◆ **Task material**:
- - - -
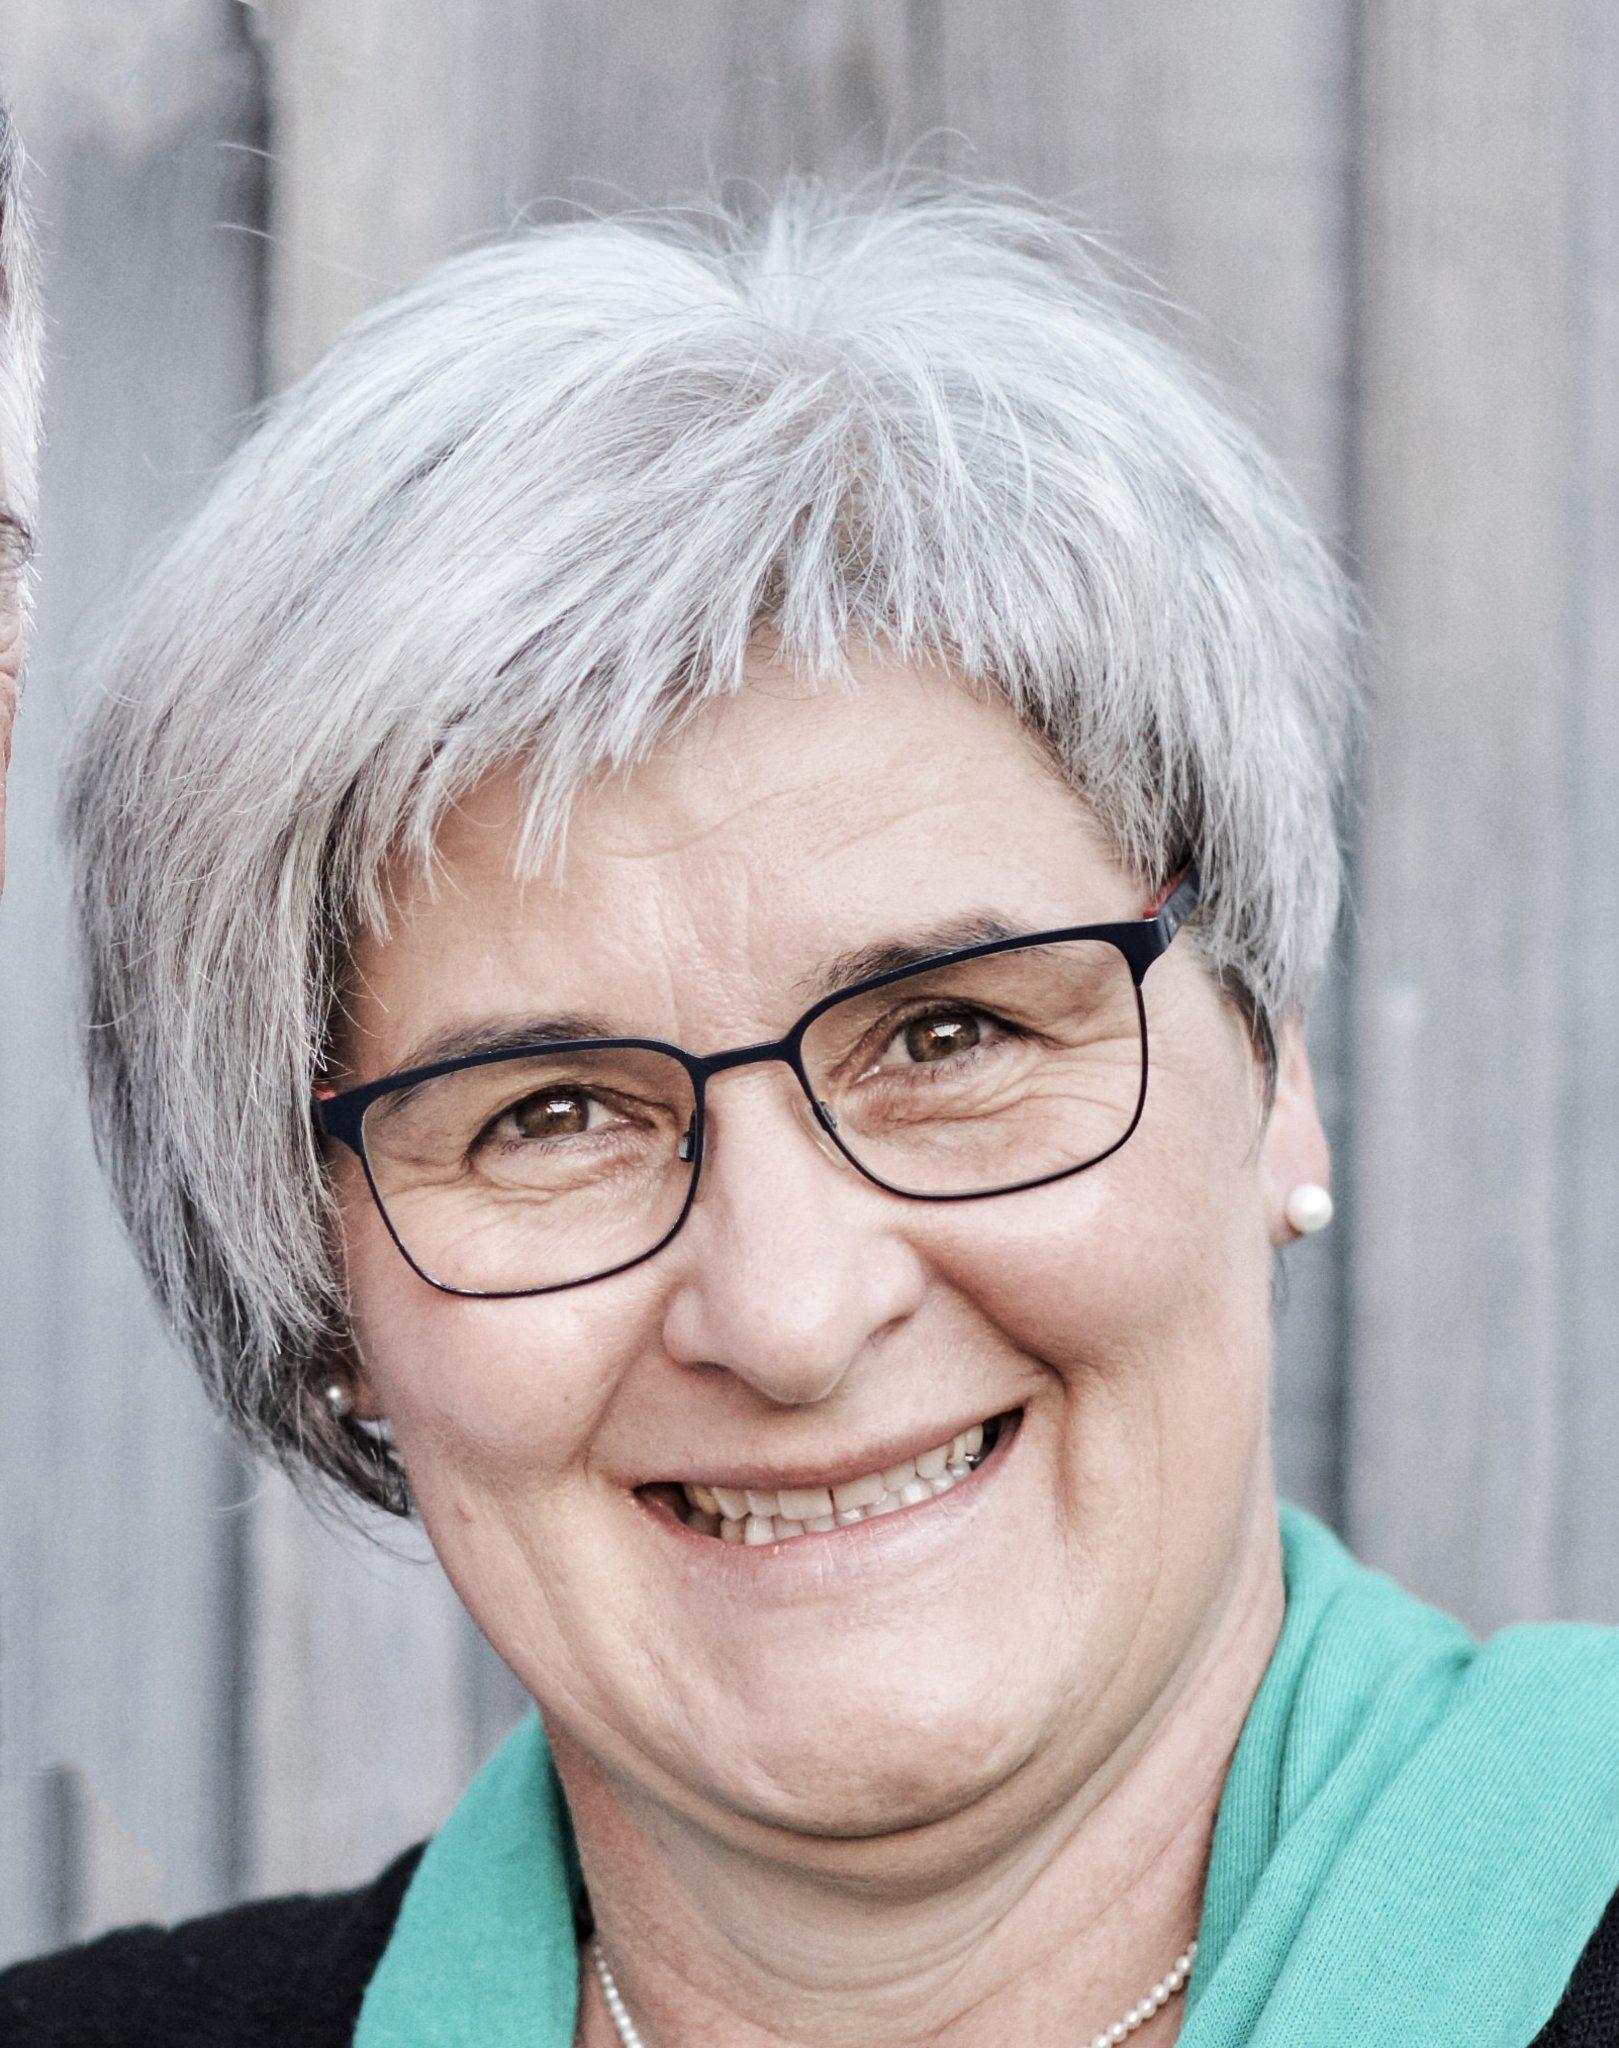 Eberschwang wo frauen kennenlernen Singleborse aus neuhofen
- - - -
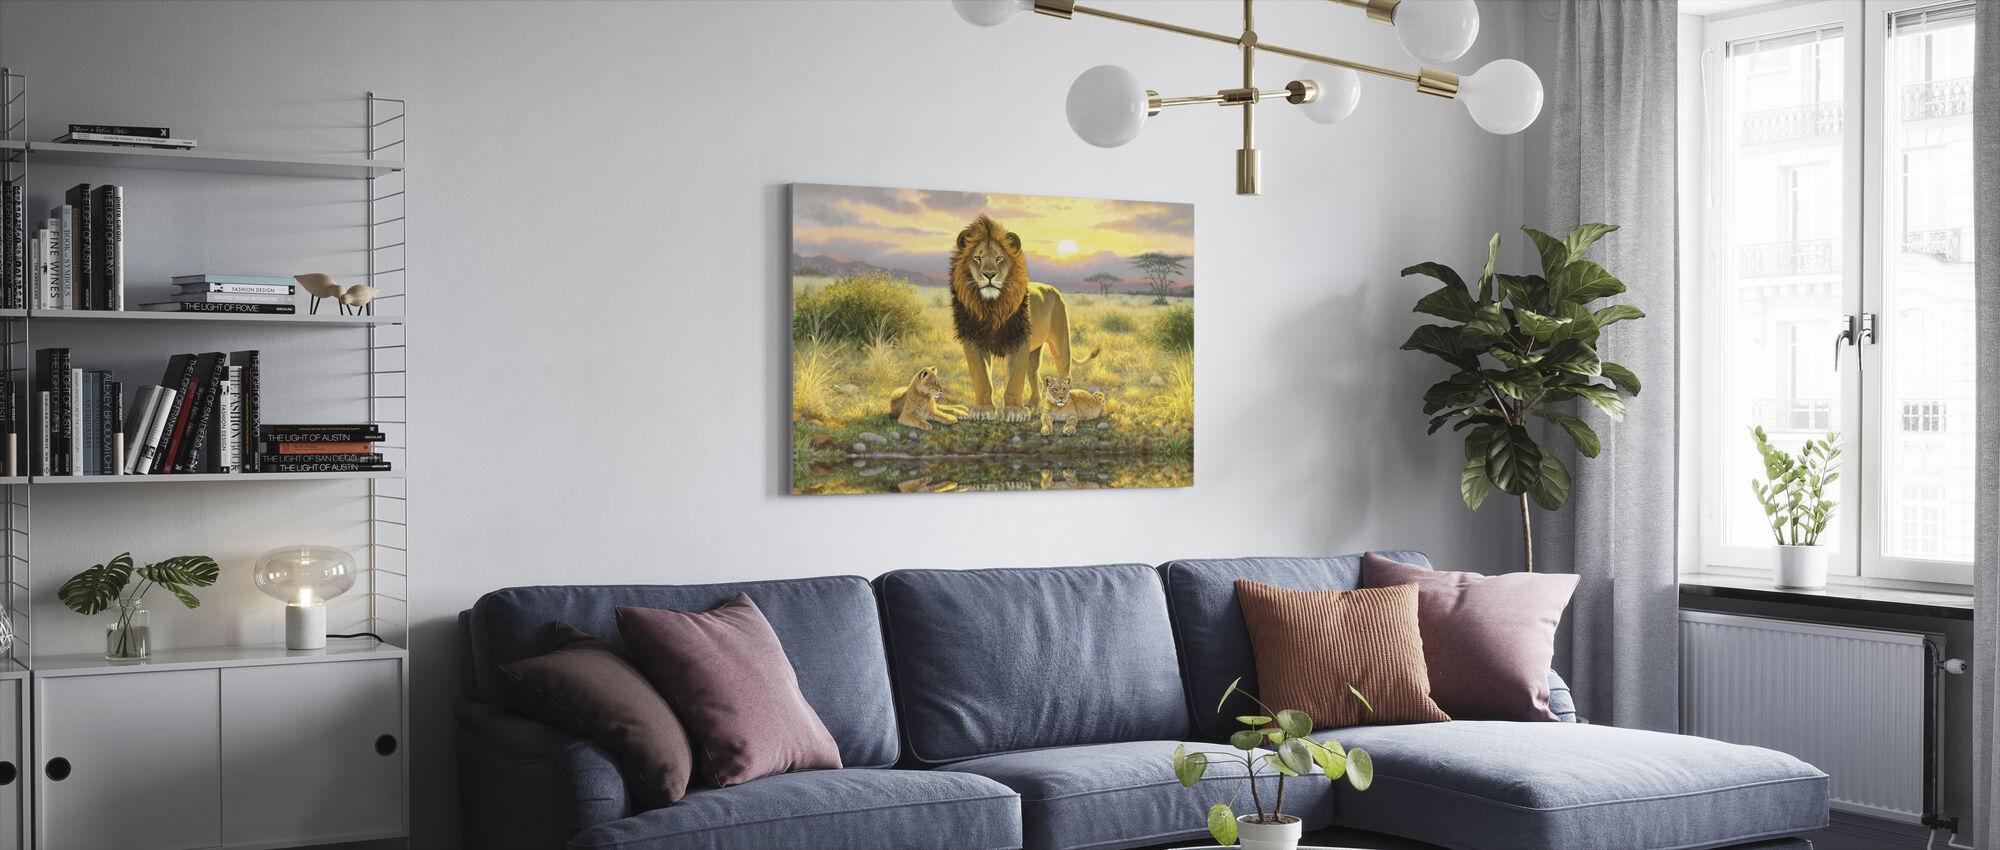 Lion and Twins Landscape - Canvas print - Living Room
- - - -
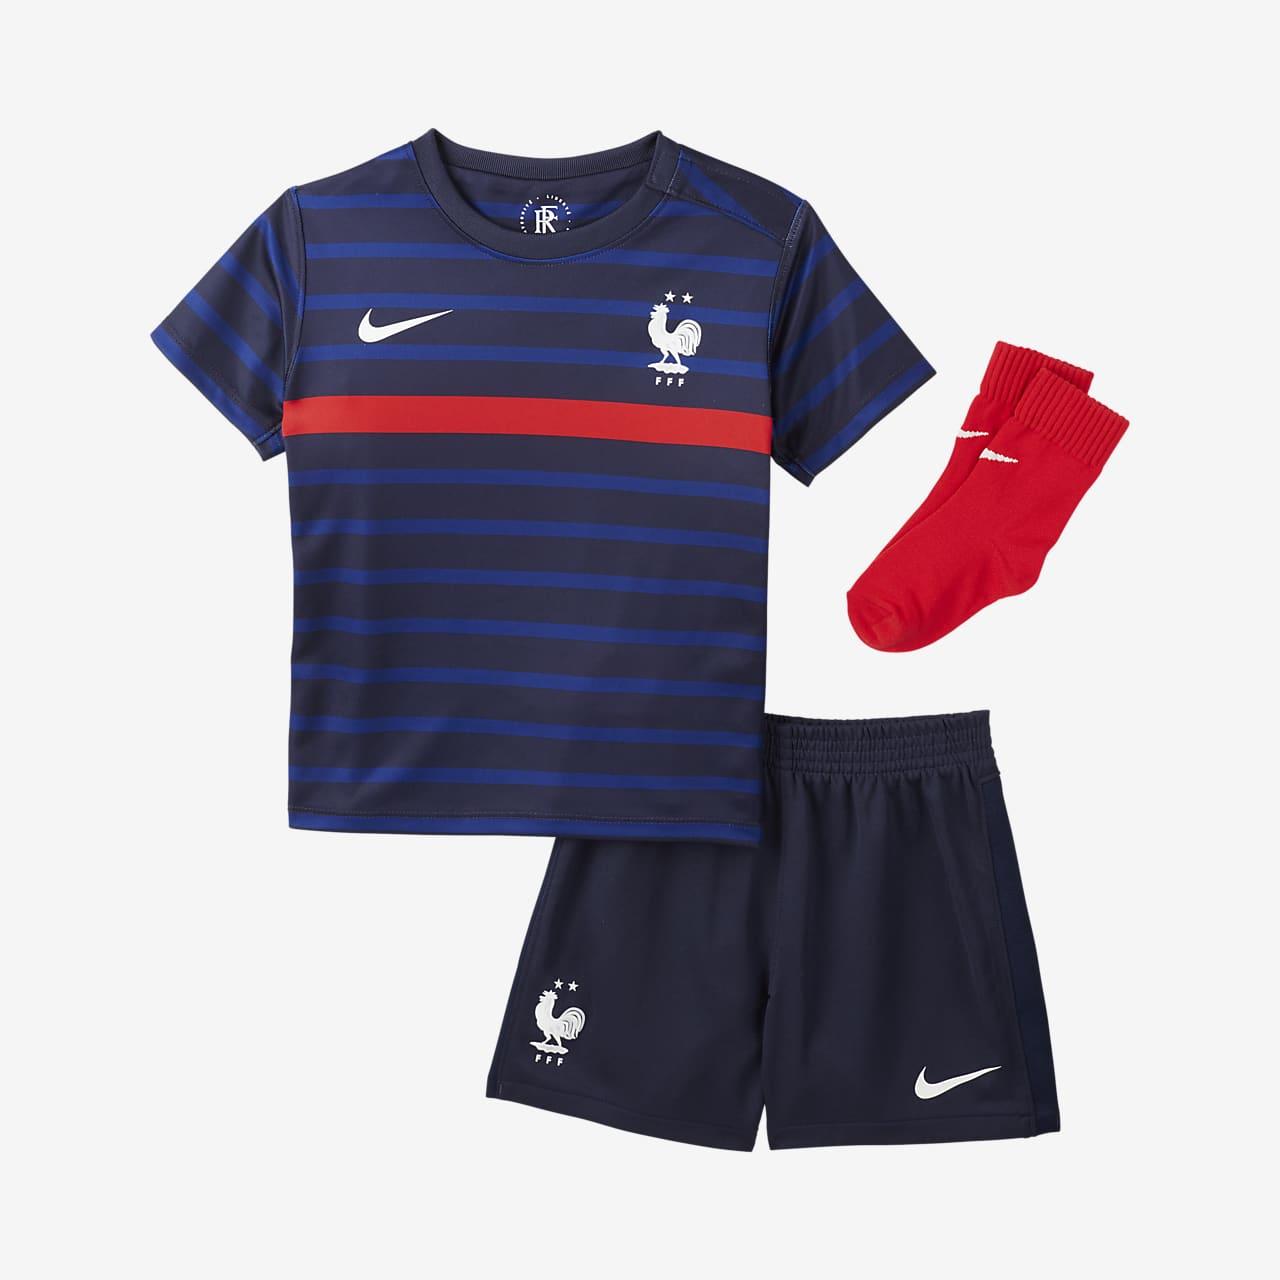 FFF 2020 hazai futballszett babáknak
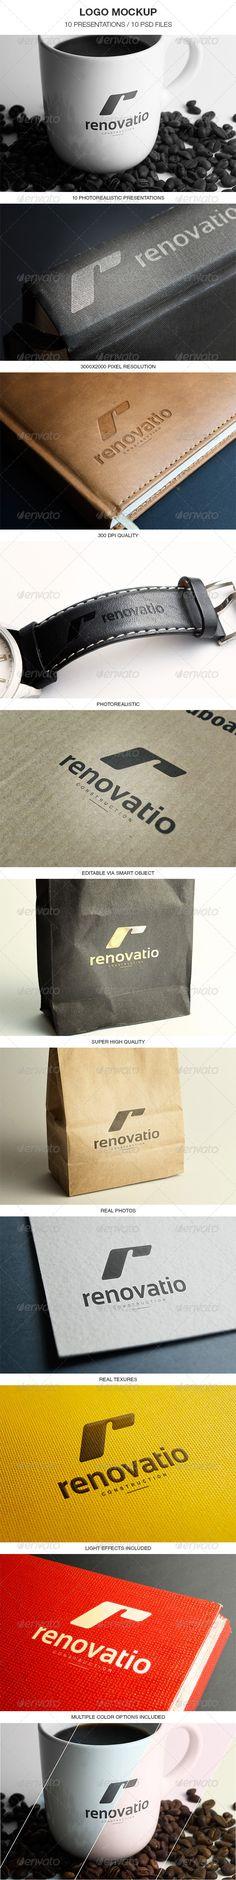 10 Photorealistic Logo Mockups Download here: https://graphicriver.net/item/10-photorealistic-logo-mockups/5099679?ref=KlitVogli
- - - -
◆ **Task to complete**:
Starting at the line containing "FFF 2020 hazai futballszett babáknak" and stopping at the line containing "10 Photorealistic Logo", output each line exactly as it appears above. Leave out the pictures.

◆ **Result of this exercise**:
 FFF 2020 hazai futballszett babáknak
 10 Photorealistic Logo Mockups Download here: https://graphicriver.net/item/10-photorealistic-logo-mockups/5099679?ref=KlitVogli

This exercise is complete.